Les associations s’indignent
Roms : les expulsions se multiplient
Deux nouvelles expulsions ont eu lieu à Lyon. Vendredi, 80 personnes ont été mises à la rue dans le 9ème arrondissement, lundi, 4 adultes et 6 enfants ont été chassés d’un squat à Villeurbanne. Les associations dénoncent une « situation insoutenable et intolérable ».

Après les squats de la rue Montesquieu (Lyon 7ème, 60 personnes), Saint-Priest (120), rue Marietton (Ecully, 100), l’expulsion d’un immeuble au 10bis rue Saint-Simon à Vaise (Lyon 9ème) a particulièrement ému les associations. 80 personnes s’étaient installées depuis un an dans ce bâtiment, dans des conditions de relative salubrité, disposant d’un accès à l’électricité et l’eau courante.

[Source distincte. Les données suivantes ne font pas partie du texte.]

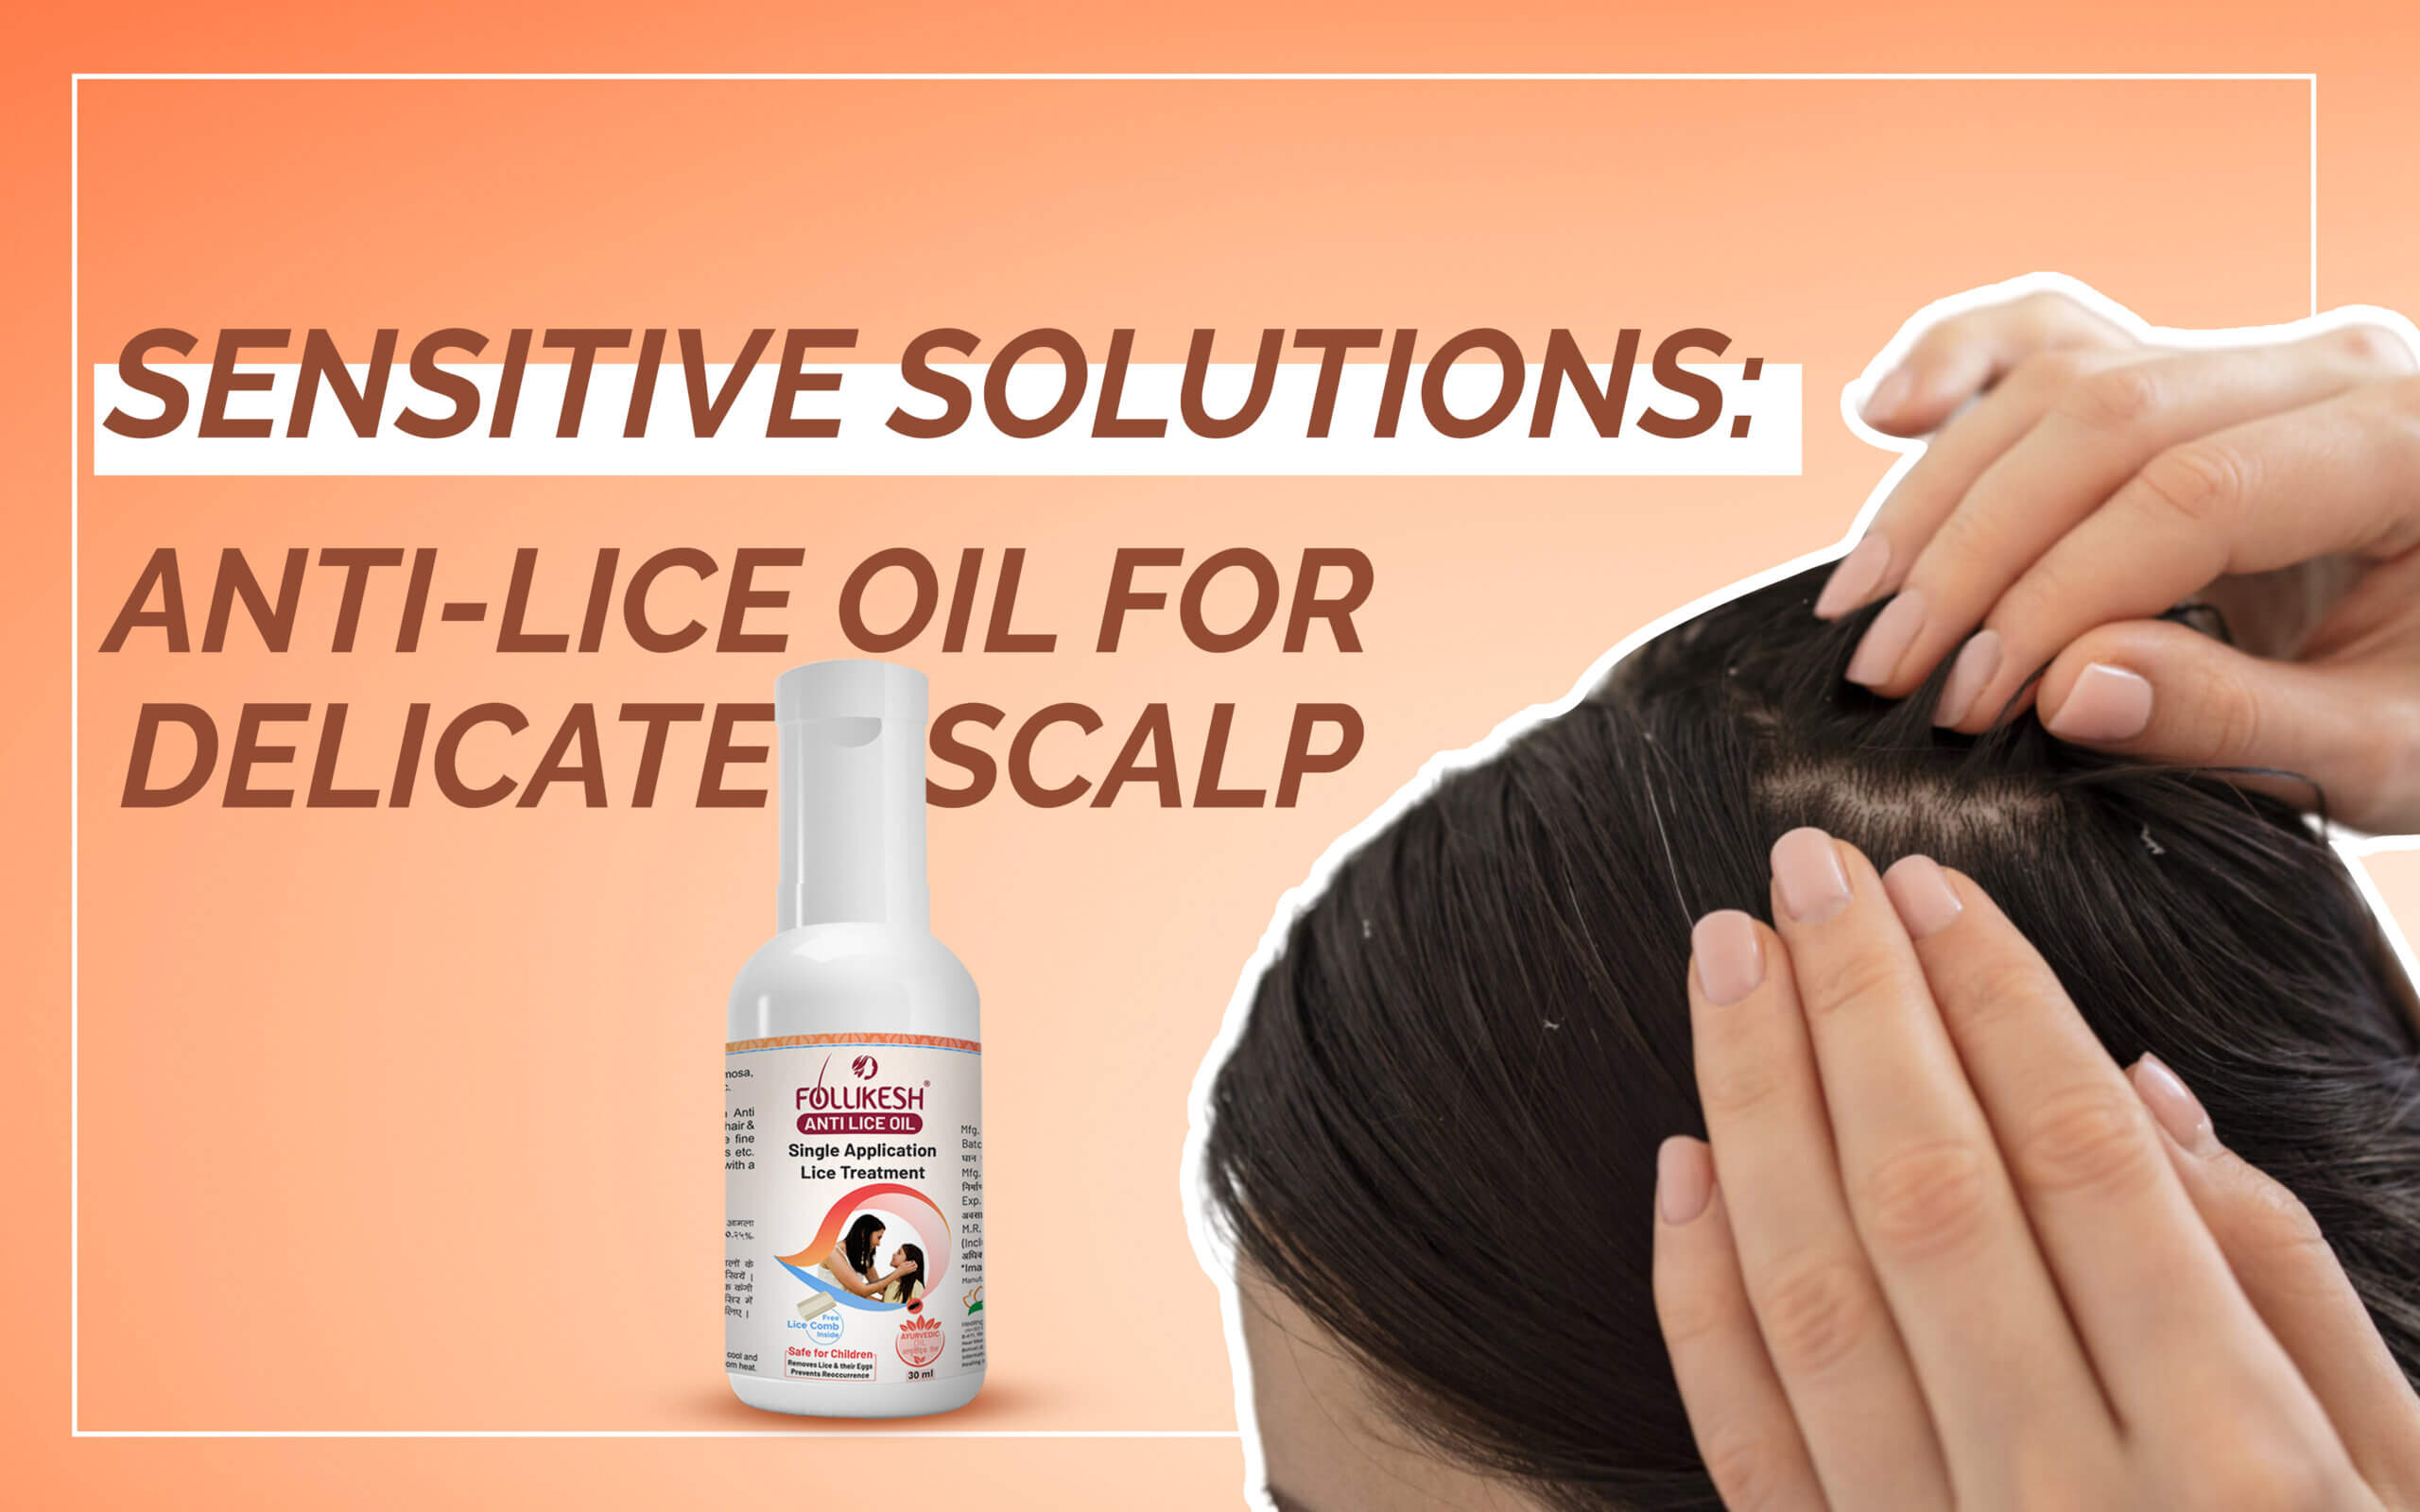 Anti-Lice Oil for Delicate Scalp
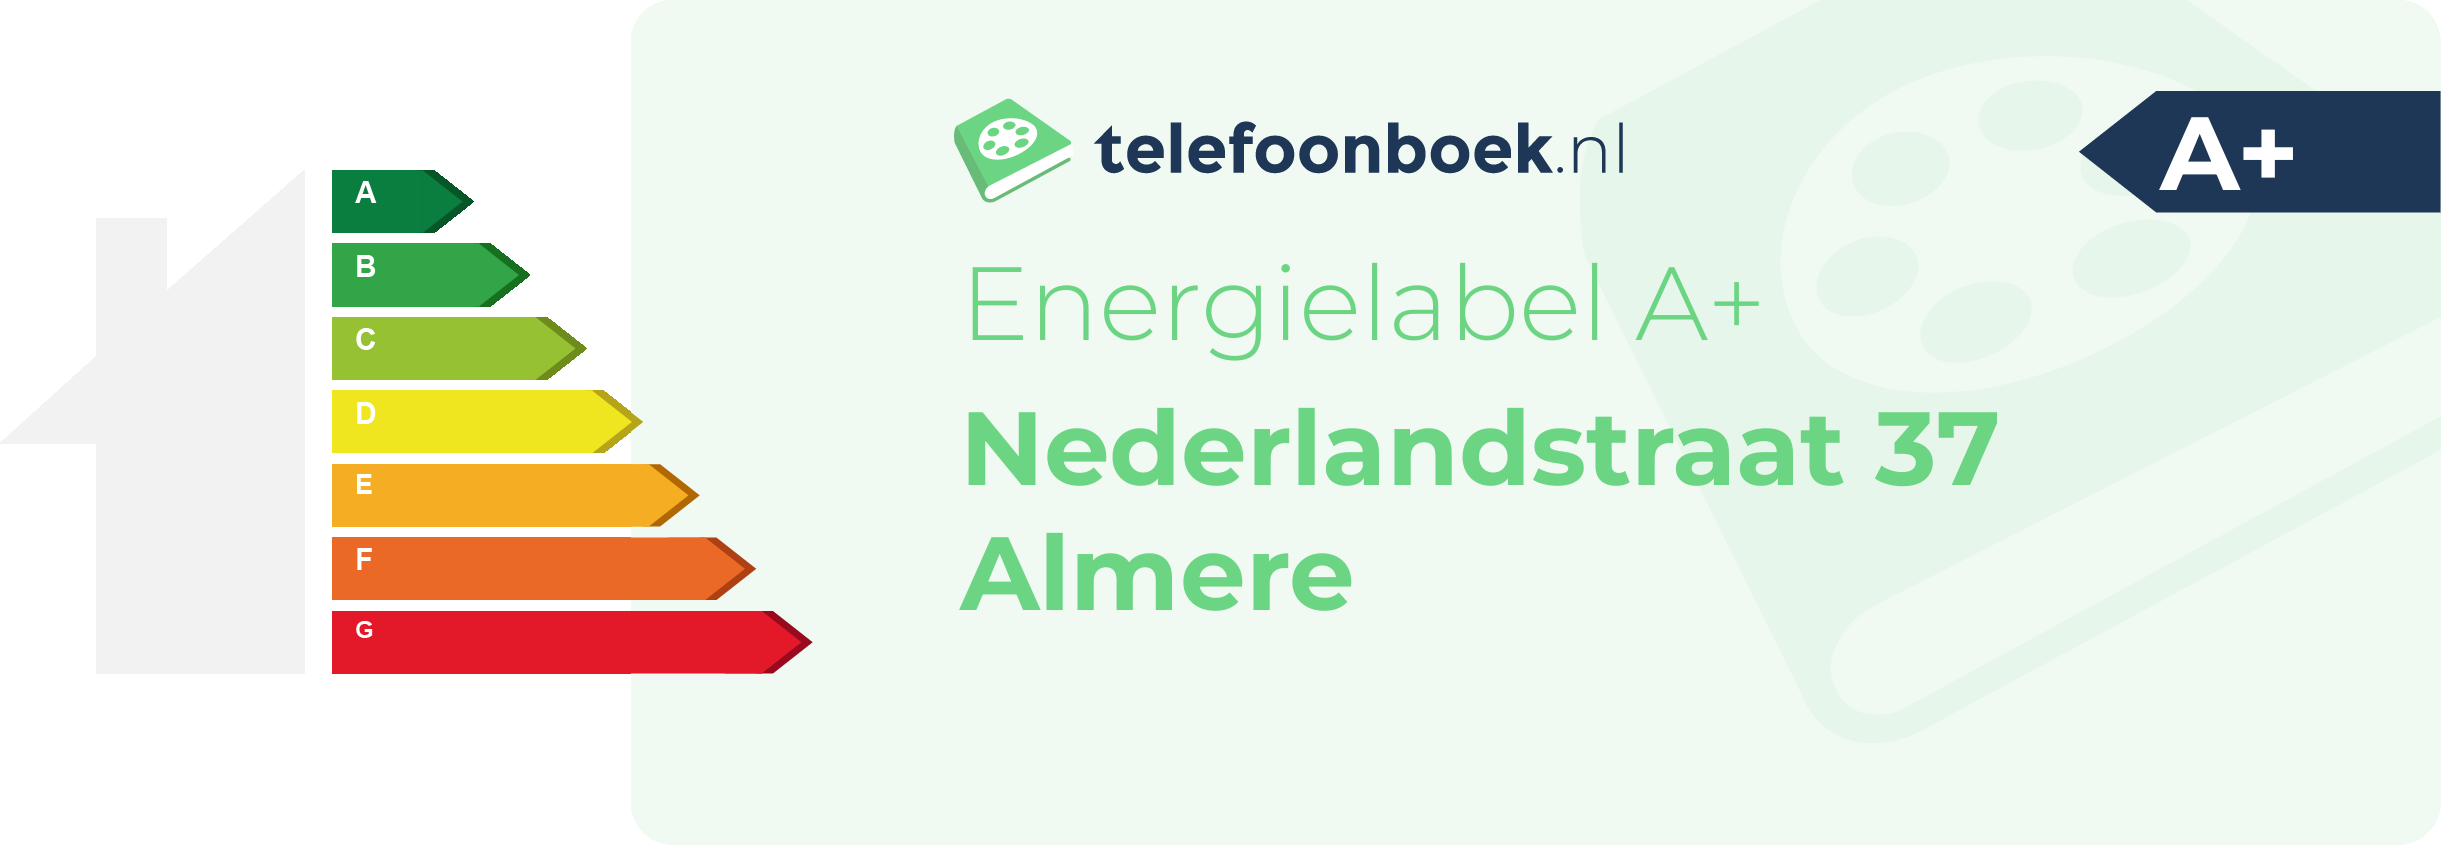 Energielabel Nederlandstraat 37 Almere

« Il y avait un commando de CRS en tenue de combat : boucliers, casques, cagoules ne laissant apparaître que les yeux. Je croyais être dans un film (...). A côté de moi, des femmes, des enfants, des bébés, des personnes âgées qui étaient en danger, ne pouvant sortir, ne sachant comment la situation allait tourner », relate Gilberte Renard de l’association Classes, qui a assisté à l’expulsion de l’immeuble.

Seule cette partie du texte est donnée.